Information shown.
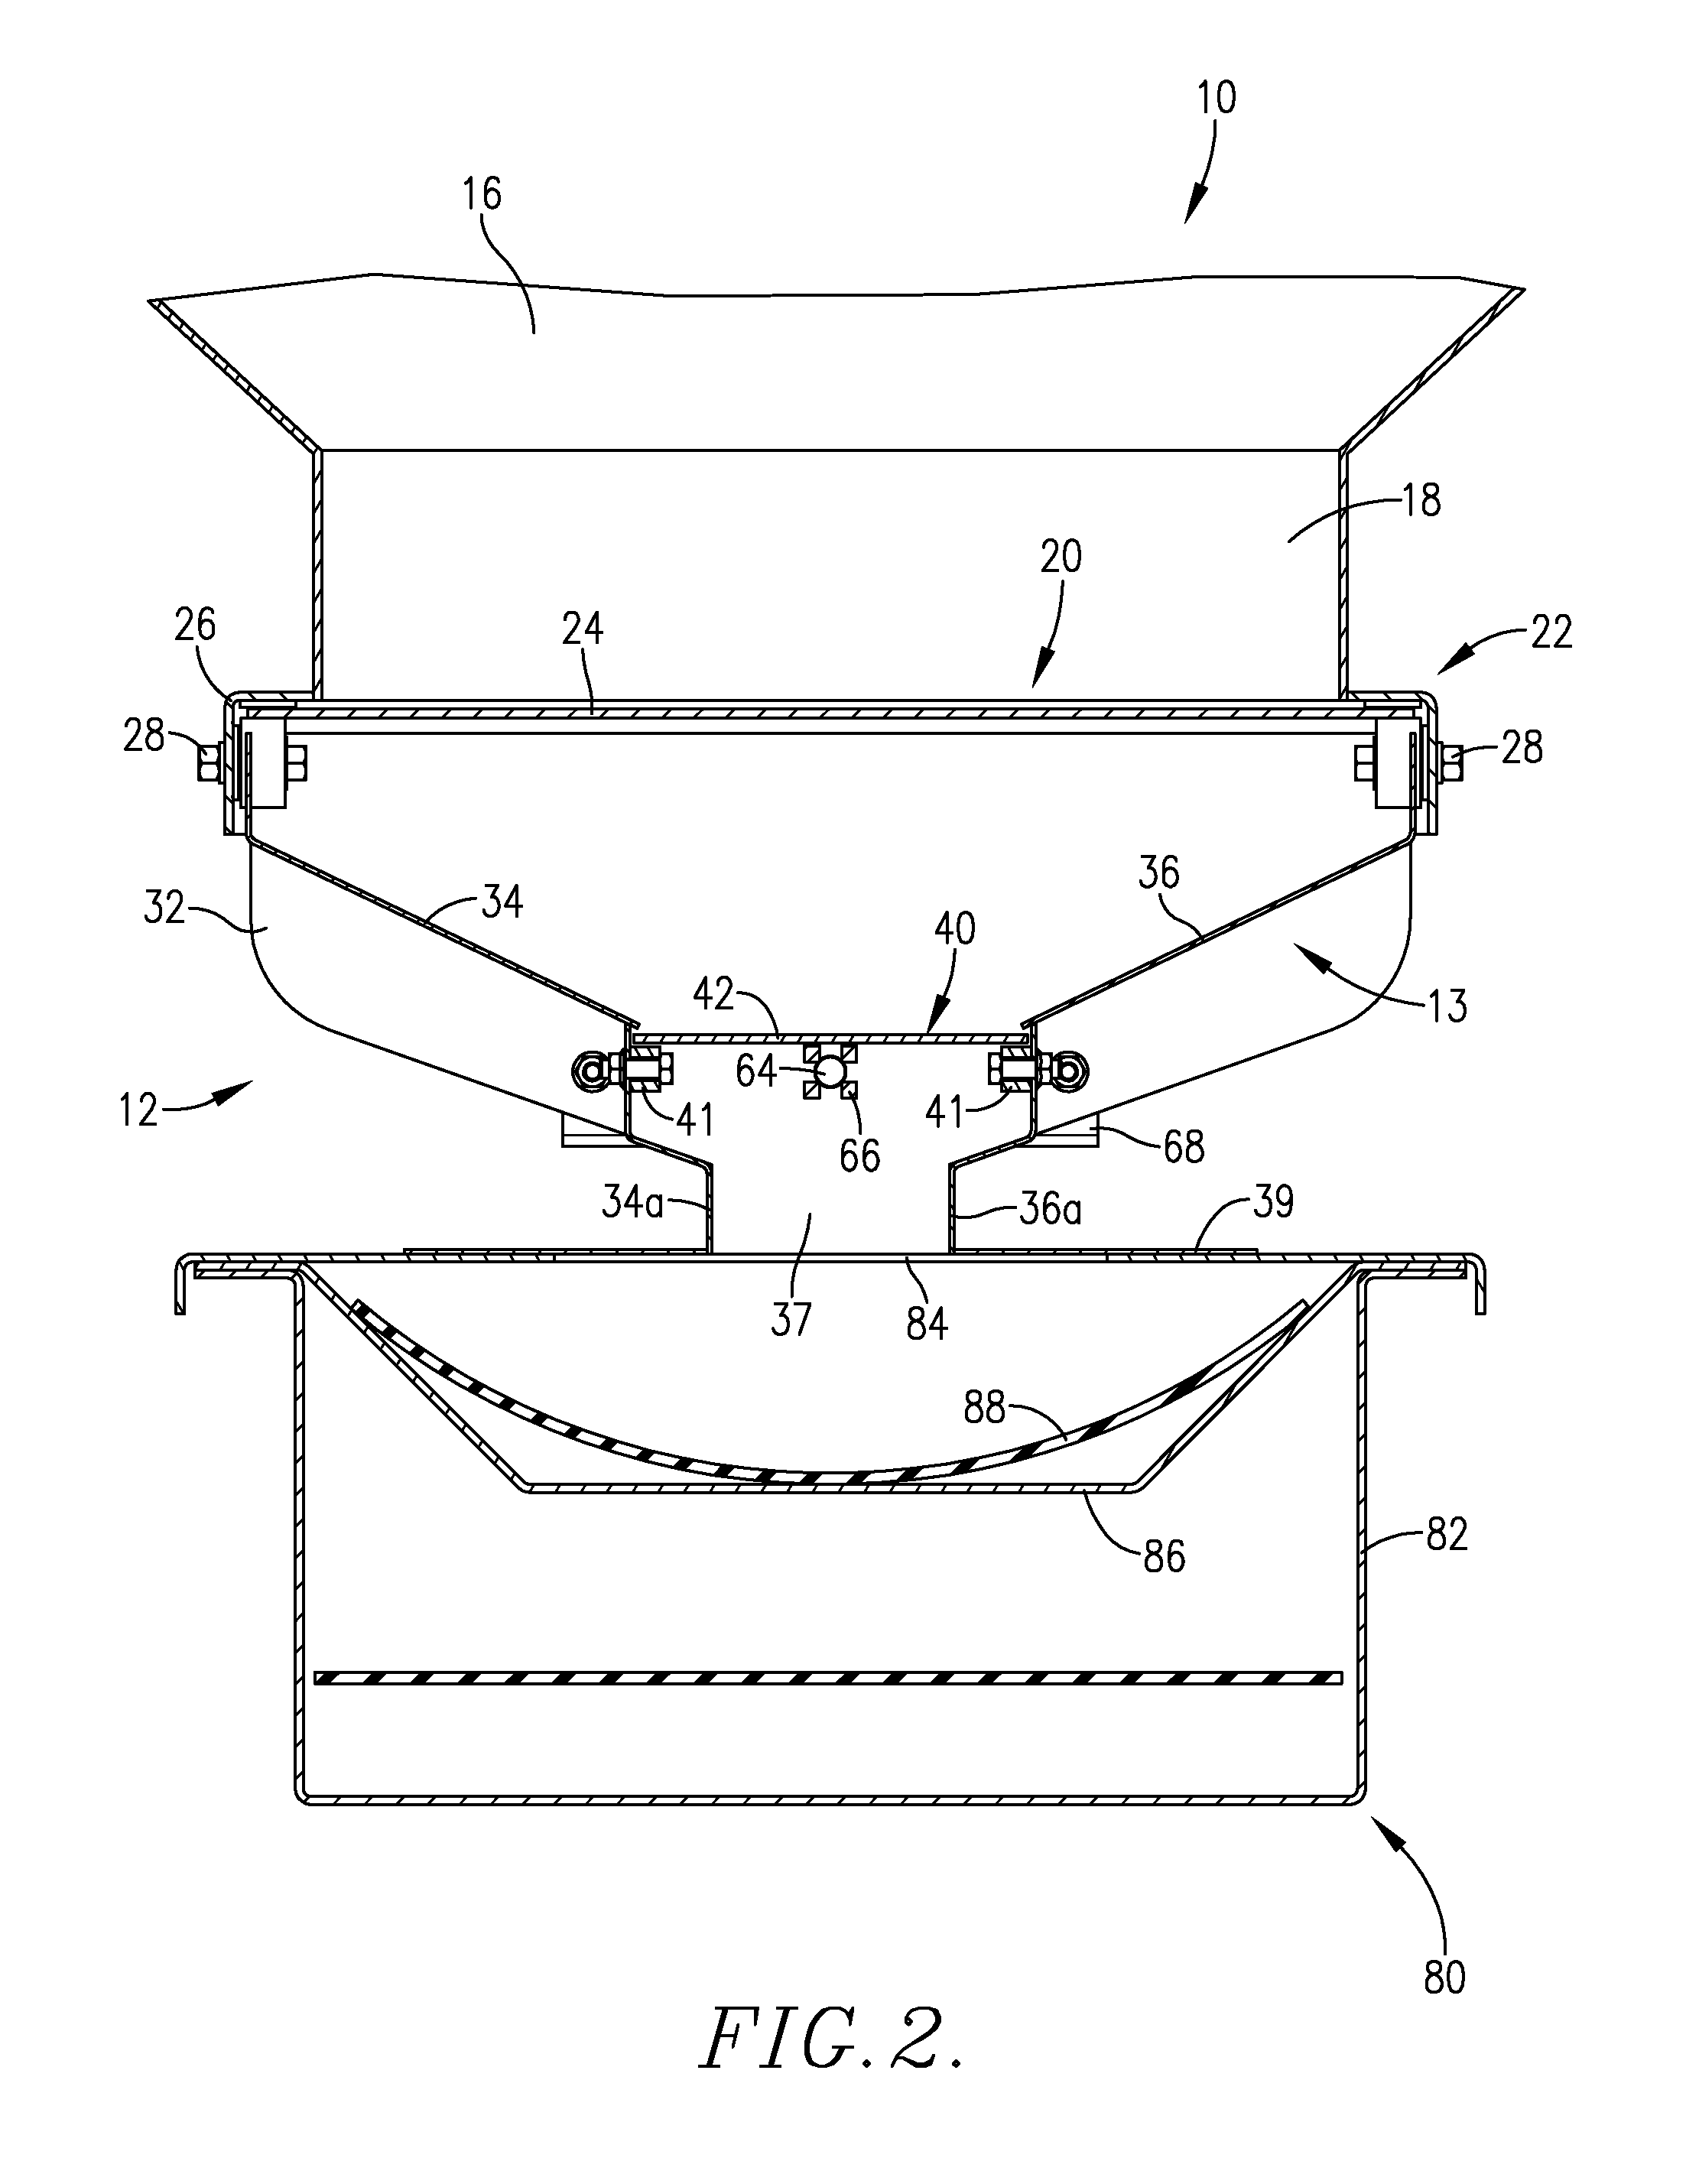 Seed metering gate assembly
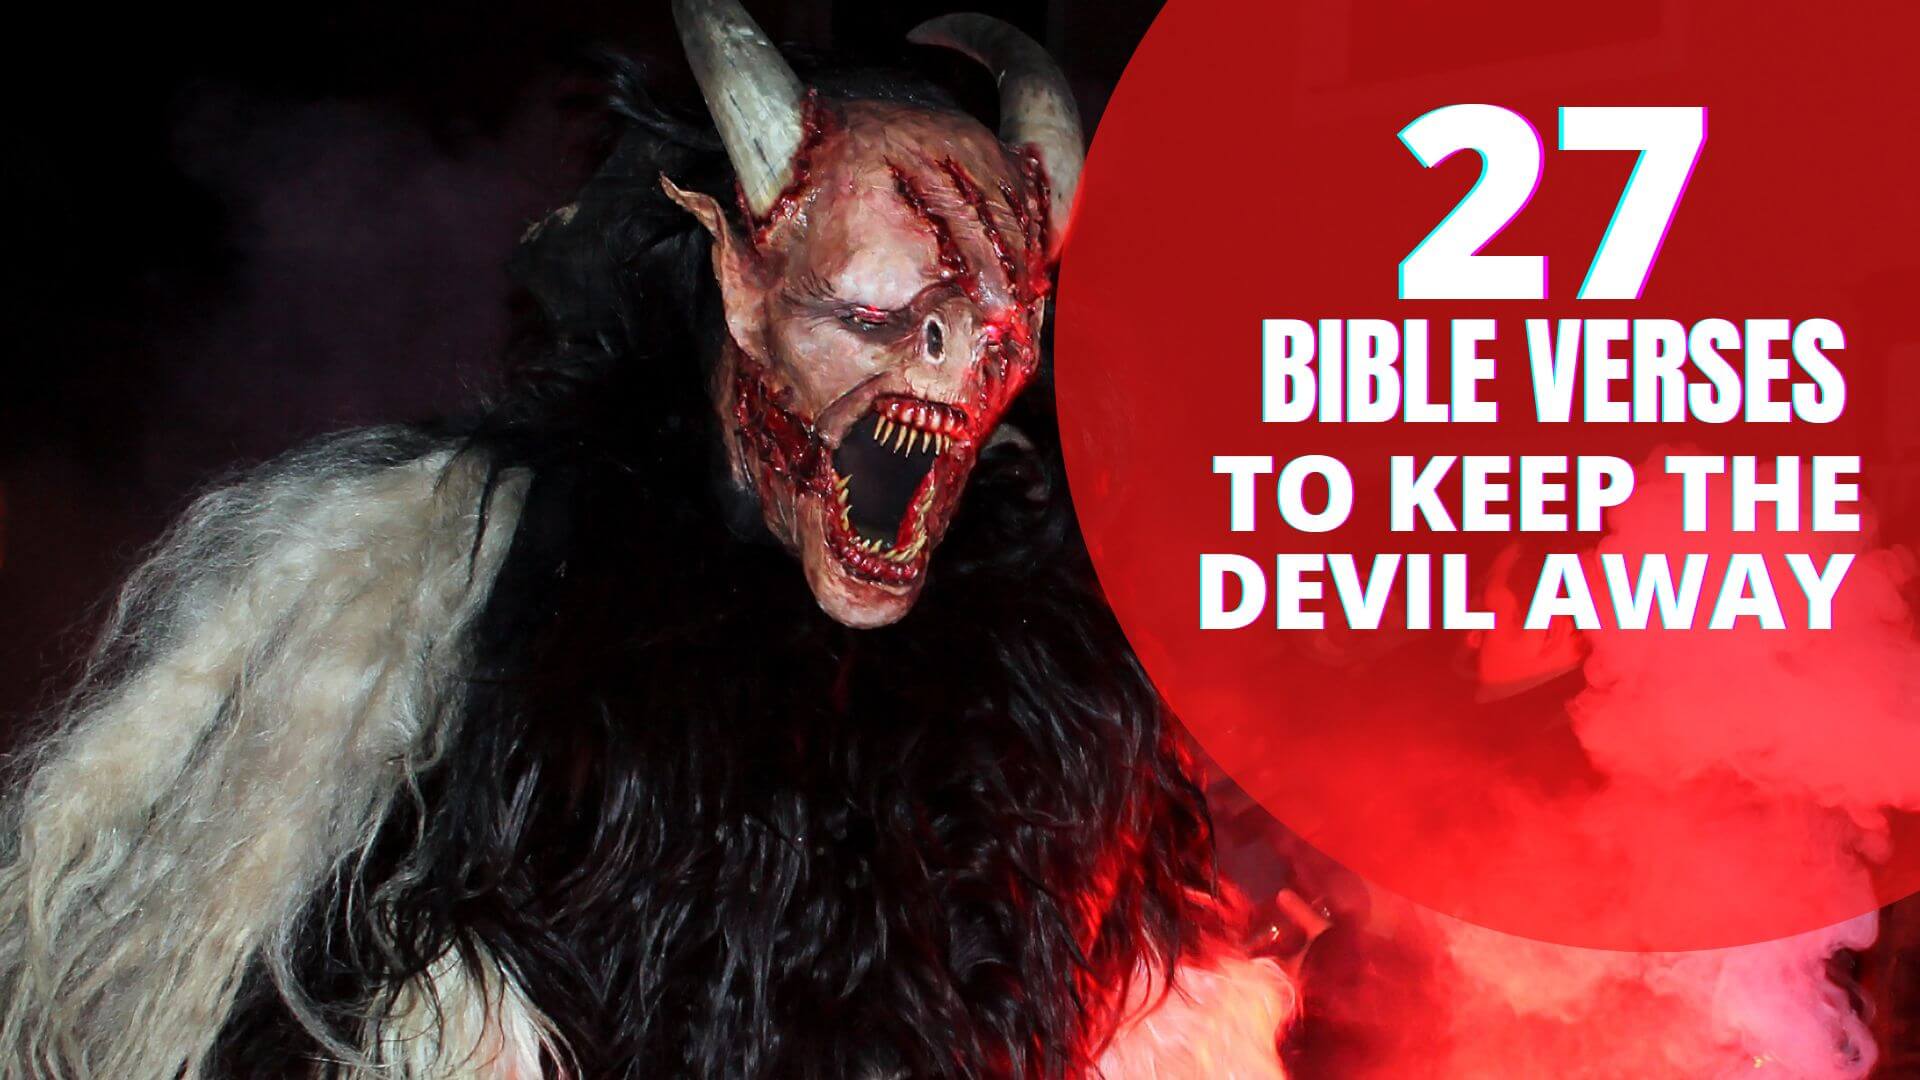 Bible verses to keep the devil away
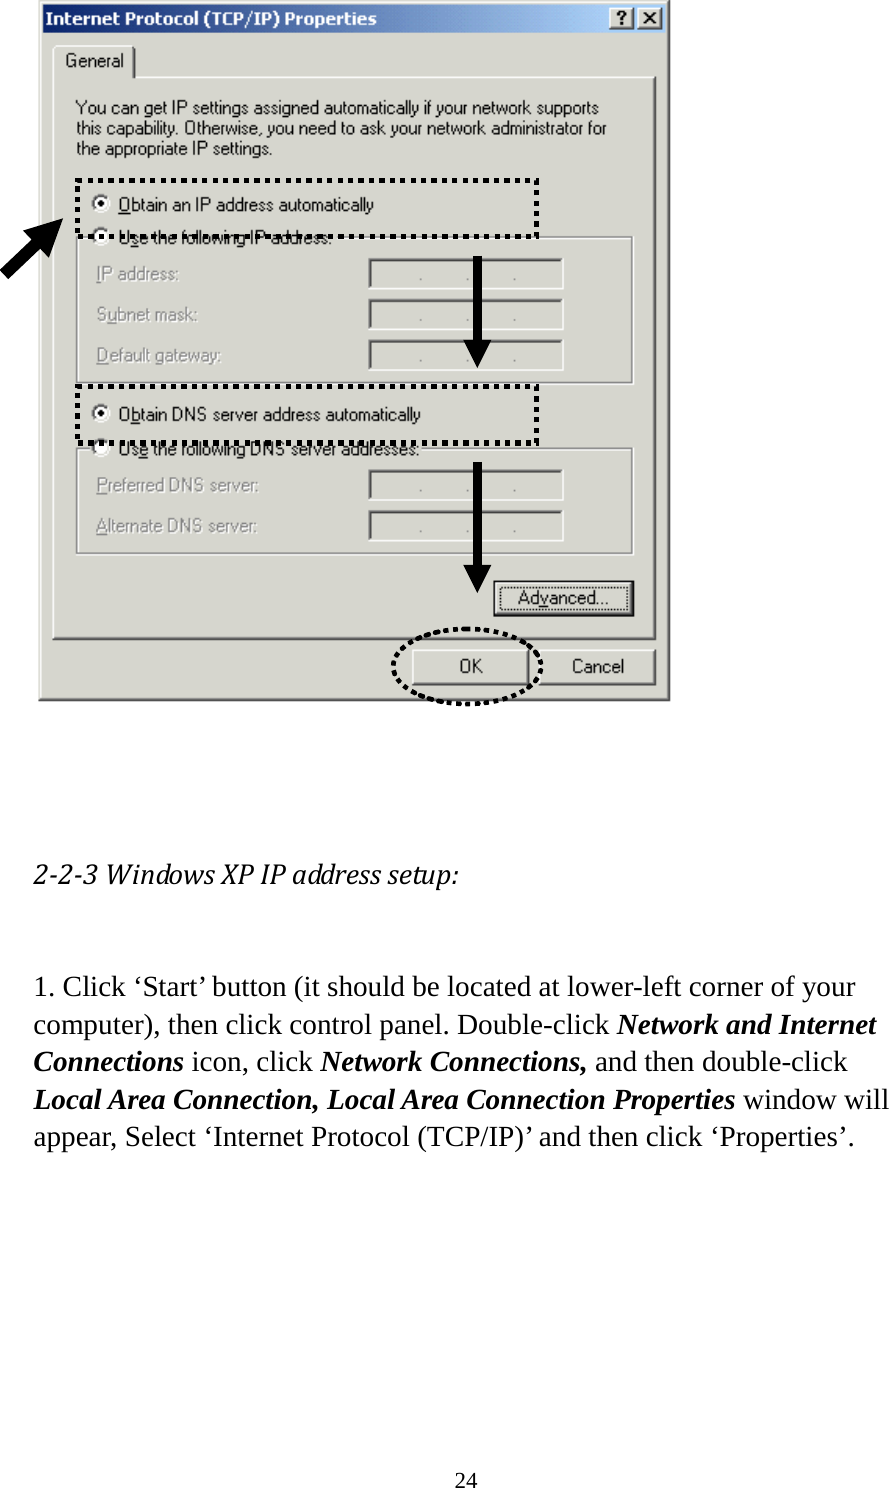 24     2-2-3 Windows XP IP address setup:  1. Click ‘Start’ button (it should be located at lower-left corner of your computer), then click control panel. Double-click Network and Internet Connections icon, click Network Connections, and then double-click Local Area Connection, Local Area Connection Properties window will appear, Select ‘Internet Protocol (TCP/IP)’ and then click ‘Properties’.  
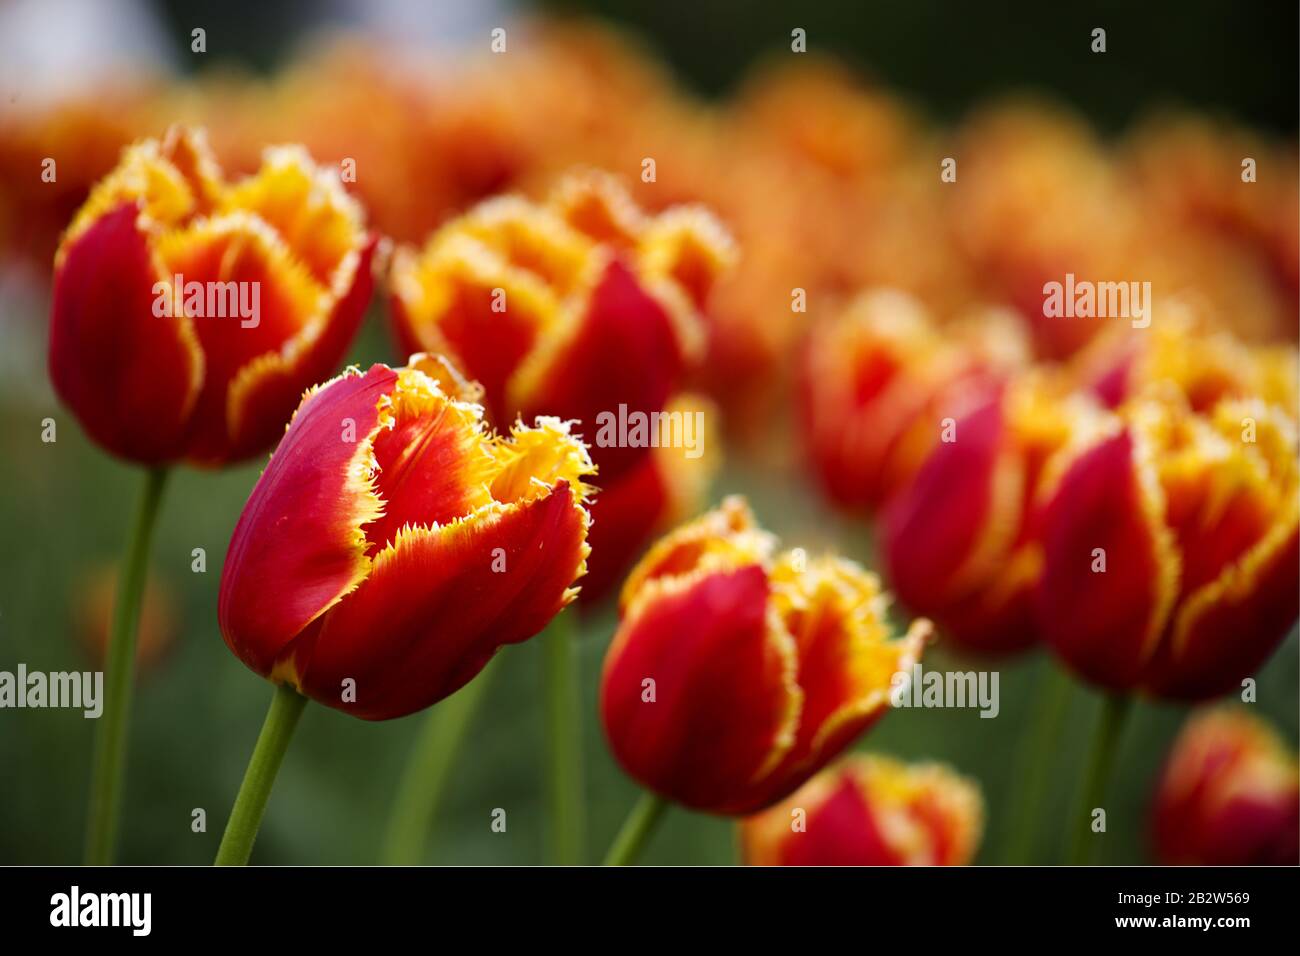 Blooming red tulips with a yellow border, selective focus. Stock Photo

What is expected. Transcribe all data precisely. Pictures are not copied.

Your response.
 Seed metering gate assembly
 Bible verses to keep the devil away
 24     2-2-3 Windows XP IP address setup:  1. Click ‘Start’ button (it should be located at lower-left corner of your computer), then click control panel. Double-click Network and Internet Connections icon, click Network Connections, and then double-click Local Area Connection, Local Area Connection Properties window will appear, Select ‘Internet Protocol (TCP/IP)’ and then click ‘Properties’.  
 Blooming red tulips with a yellow border, selective focus. Stock Photo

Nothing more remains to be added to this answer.